Visa, MasterCard dealt card blow

Visa and MasterCard cannot prevent their member banks from issuing American Express or Discover cards. In a ruling that will revamp the highly competitive credit-card industry, Judge Barbara Jones said Tuesday Visa and MasterCard must let their member banks issue their rivals’ cards. In her ruling, Judge Jones said that while abolishing the exclusionary rules will undoubtedly help American Express Co. and Morgan Stanley’s Discover, its primary effect will be to increase competition and consumer welfare. However, in a partial win for Visa and MasterCard, the judge stopped short of forcing the networks to change their governance structure.
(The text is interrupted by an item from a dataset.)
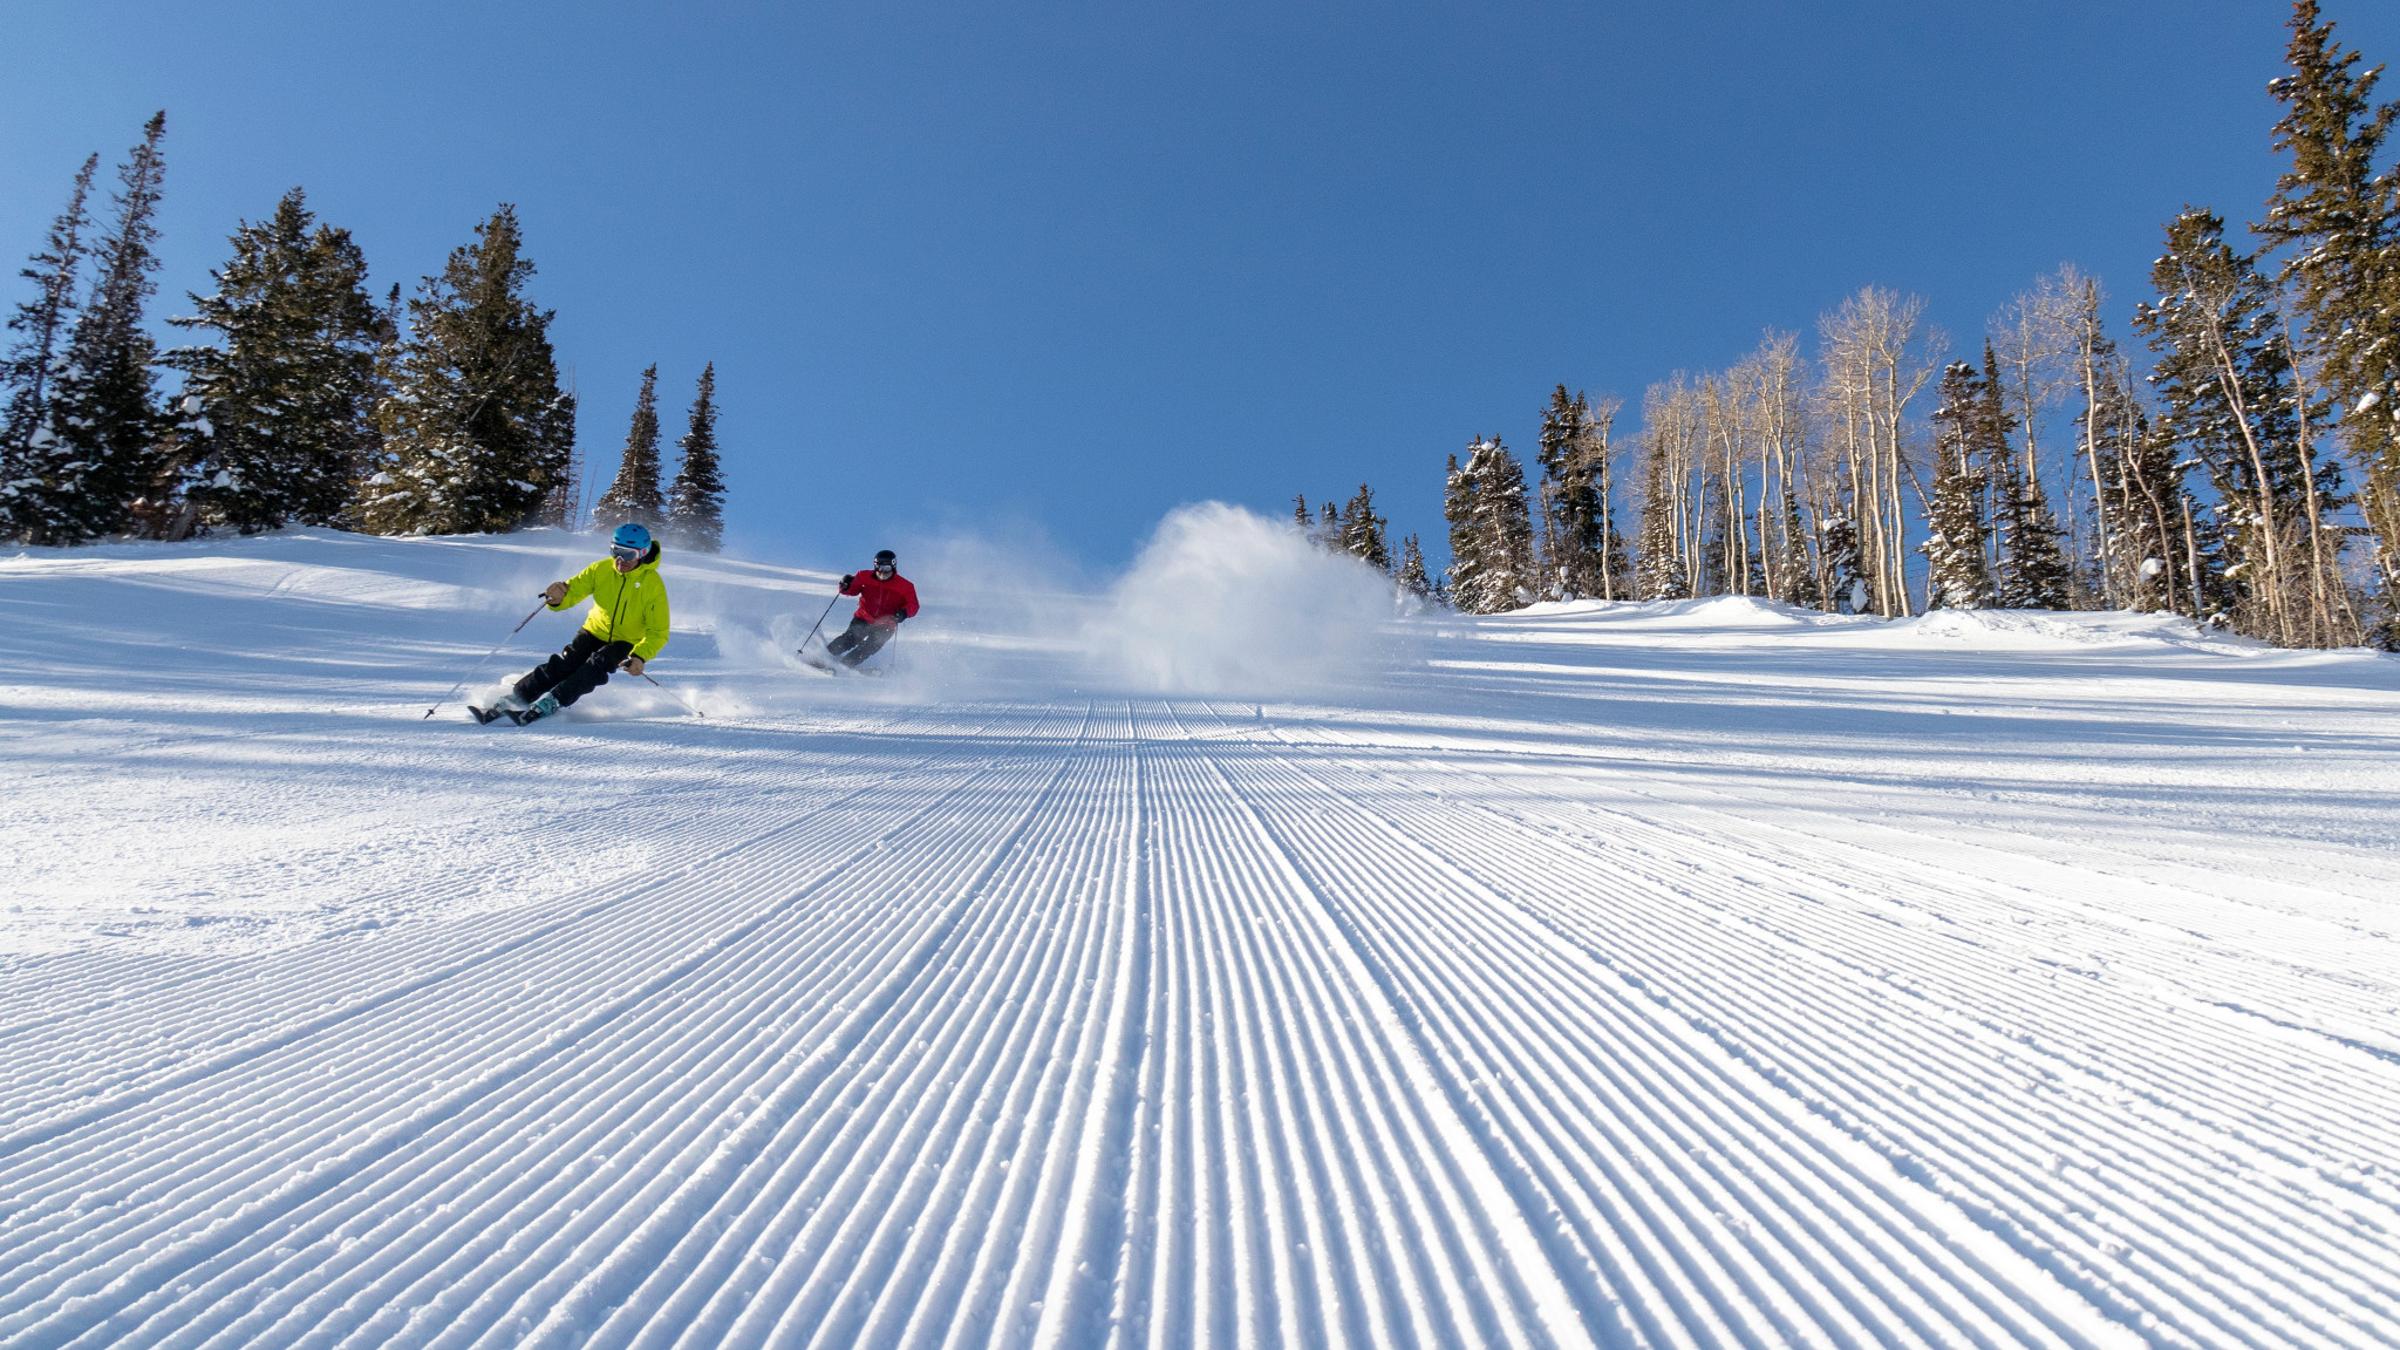 Two guests skiing a groomed run at Deer Valley Resort
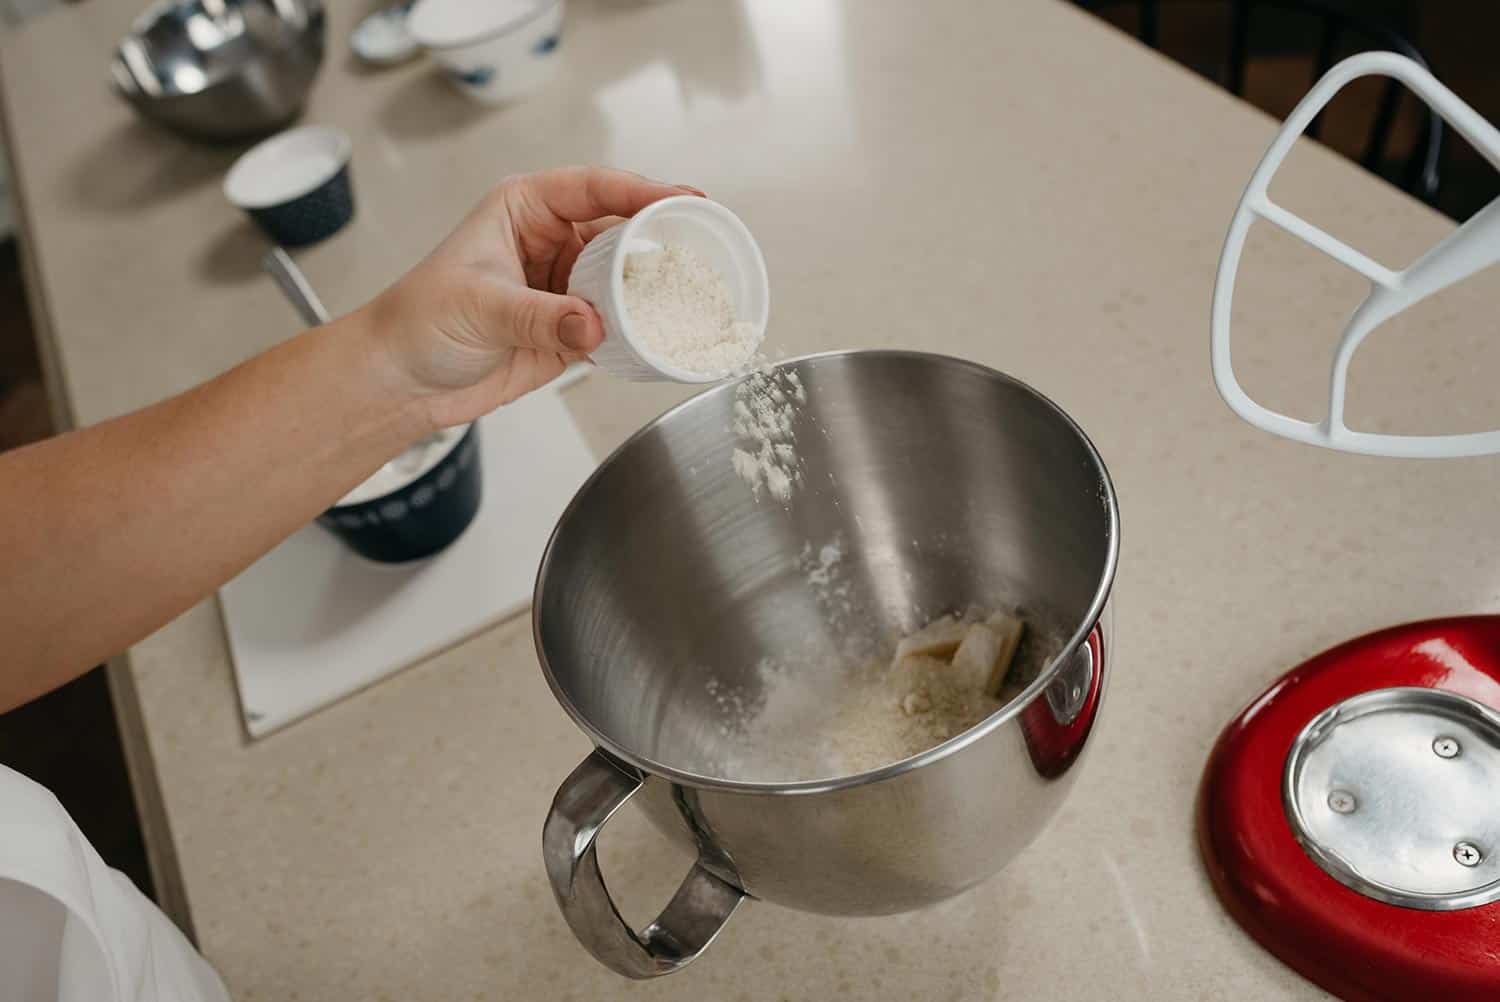 Woman who is putting an almond flour from the cup into the stainless steel bowl of the stand mixer

The networks are owned by banks that are allowed to have significant interests in both of them, a policy the government said had stopped them from competing. “The court finds that the government has failed to prove that the governance structures of the Visa and MasterCard associations have resulted in a significant adverse effect on competition or consumer welfare,” Jones wrote in a ruling of more than 150 pages. “However, the proof clearly shows that the exclusionary rules and practices of the defendants have resulted in such adverse effect and should be abolished.” The case against Visa and MasterCard stems from a 1998 U.S. government antitrust suit accusing the companies of colluding to stifle innovation and not truly competing with each other.